Why do orphans not buy a keyboard? Because they can’t use the home button.
Family Jokes
Me: *watching TV*
Mom: Omg, no way, your dad is coming!
Me: Really?
Mom: Obviously not, he never loved or wanted you.
What type of pictures do orphans take?
Selfies.
How did my dad know I was gay?
He stuck his cock in me and I liked it.
What's an orphan's favorite toy?
A boomerang, because it always comes back.
When an orphan takes a family photo, it’s called a selfie.
I am an orphan...
My mom once ate a full giant cheesecake, and we were walking to our flight back home, and she had to sh*t.
We were walking to the bathroom, and she full on [did it] in front of the carousel. She had a lump of poo in her pants... True story, haha!
Why do orphans become criminals?
To know what it’s like to be wanted.
Son: Dad, if I told you I was gay, would you still love me?
Dad: Don’t be silly son, you were an accident. I never loved you in the first place.
Sonic says if you're ever born, punch an orphan. What are they going to do? Tell their parents?
Your mama's so stupid that she went on to hike Mountain Dew...
Yo, dad is so stupid, he brought the milk after two years, and he said, "Oh, sorry son. I'm going back to the store. Bye."

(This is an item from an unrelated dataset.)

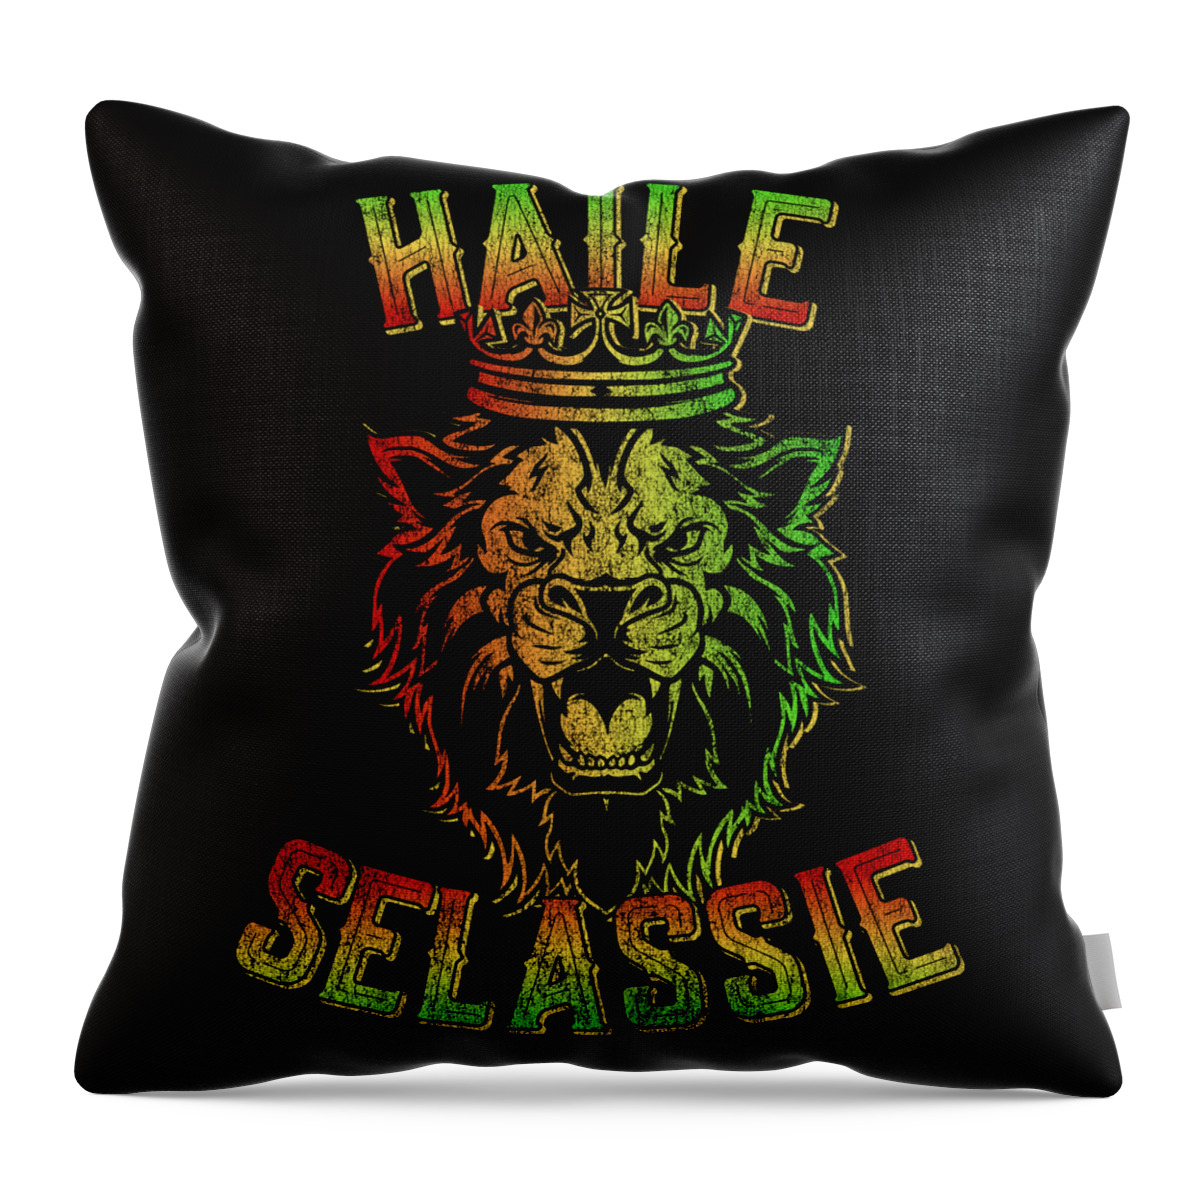 Cool Throw Pillow featuring the digital art Haile Selassie Rastafari Reggae by Flippin Sweet Gear

I wish I knew life, but my dad said it was a mistake to begin with.
When your grades get mailed to your house when you expect to get them in school.
When you get home, your mom is there with the belt, going 1k miles per hour.
Why can't the orphan run past third base?
'Cause the orphan doesn't have a home to run to.
Why did the orphan have to go to public school? He could not be home-schooled.
This kid was crying, so I asked him where his parents were. He just cried harder. I still remember him every time I pass that orphanage.
The only joke my dad ever made was me.
I don't need a girlfriend, 'cause I got my cousin, bro.